In this article, we respond to the brief exchange between the Workers' Solidarity Alliance 
(WSA-IWA) and the Center for a Stateless Society (C4SS). ---- Have you ever noticed that 
when you are in an argument you want to have the last word? It often feels like the last 
word contains its own authority, as if you are the assaulted party and now you have 
defended an honorable view. In debate, this is referred to as the "last word" fallacy; a 
bias towards the most recent argument and likelihood to be swayed by it. Can we combat 
these biases in arguments of value or, more pertinently, ones of fact? The most recent 
political climate is emblematic of effective misinformation and narrative based politics. 
Far Left and far Right political thinkers can believe themselves outside of the influences 
of "centrist" politics, but maybe they too are gripped by the "truths" of bias. The 
inherent vice of a political stance is a loss of objectivity, but a gain of effectiveness. 
Can we actually argue a point legitimately, or will we forever circle mainstream politics 
in a purgatory of "truths?"

R. and Sousa's A Free Market Fantasy, served to respond, in part, to a very brief, 
substance-less, article published by Byas, titled Toward an Anarchy of Production, which 
made an argument for "free markets" in anarchism and the lack of emphasis of "markets" in 
the anarcho-syndicalist community. The anarcho-syndicalist community, as Byas describes, 
is a non-scalable or socio-changeable system if as he says the following:

"Any society worth calling "anarchist" is going to be one that can continually adapt to 
the needs and desires of the individuals within that society. This adaptation must also be 
to the interests of the entire community, not toward the limited aims of a specific class 
of people. There must be ceaseless social experimentation, and there must be incentives 
toward developing institutions that benefit everyone and weeding out those that don't... 
This requires markets, which are uniquely able to account for variation in ways that 
other, more deliberately constructed social arrangements cannot. That 
information-gathering function of the market process is typically just praised for its 
efficiency, but this overlooks its potential as an engine of social change."

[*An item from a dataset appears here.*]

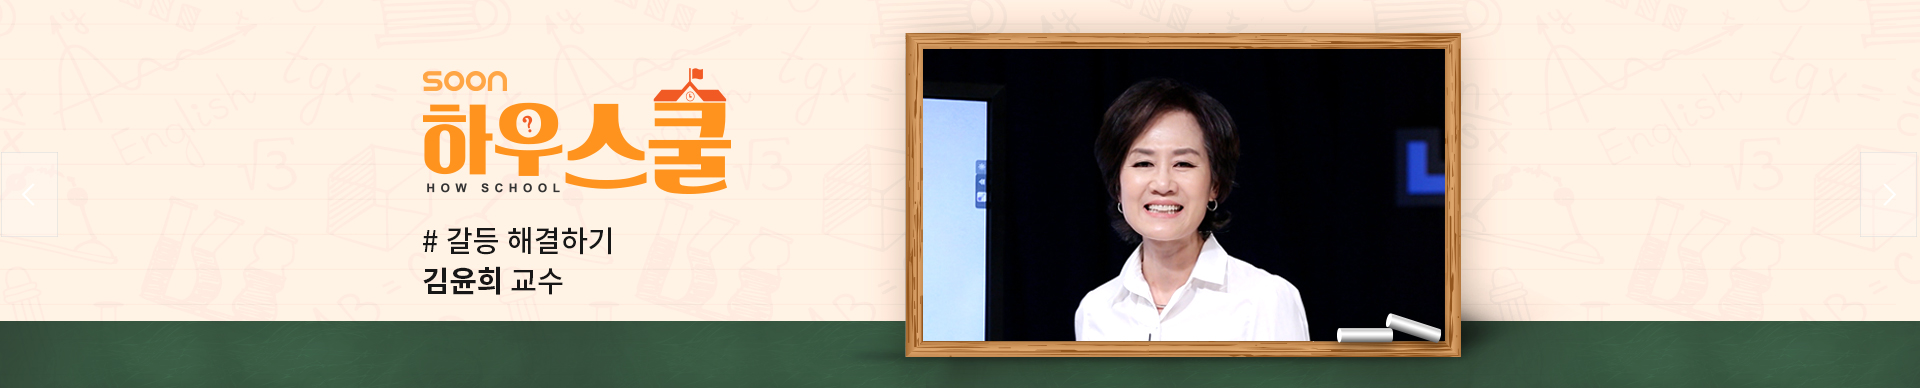 [SOON] 하우스쿨 : 갈등 해결하기_김윤희 교수

This, as R. and Sousa point out, is not consistent with the intellectual framers of 
anarcho-syndicalist constructs (Rocker, Bakunin, Chomsky, Kropotkin and so on) and is 
therefore likely a point of view that presupposes the veracity of the anarcho-capitalist 
perspective and foundationally relies on the thinking of Tucker and others. It is actually 
quite a leap of logic to call "free-markets" efficient in a positive meaning, as many 
philosophers and social thinkers argue that they are efficient at extracting maximal 
profit via minimal investment from "moneyed monopolies," which goes against Tucker's 
position. If we were to analyze markets from a Marxist-environmental perspective, we may 
reach a more disquieting conclusion about their supposed efficiencies.

As the Center for a Stateless Society (C4SS) article is free of empirically derived 
reasoning (as is almost all literature in the libertarian and/or anarchist communities) we 
must use argumentation based on foundation, structure, and axioms.

Byas defines markets to further the argument of the moral positivism that 
anarcho-capitalism wants to identify with, but constantly fails to do so. Definitions of 
markets and their utility are given by Byas herein:

"By contrast, two of the most important features of markets are radically decentralized 
decision-making based on distributed knowledge, and the availability of alternatives. In 
market transactions, one does not have to convince the community at large of the goodness 
behind one's use of a given resource in order to use it, they just have to provide value 
for value... Within a market, people can act more directly on what they believe is 
genuinely best for them, even when the reasons for that are difficult to communicate to 
those in more privileged positions... By creating new profit opportunities geared toward 
those preferences of the oppressed, the seemingly impersonal market process becomes a 
never-ending social critique, always backed up by immediate direct action A market society 
is a society built on continuous self-creation, whose institutions are always kept in 
check by the looming threat of creative destruction. In so far as anarchism is the 
abolition of hierarchy, the production of anarchy requires the anarchy of production."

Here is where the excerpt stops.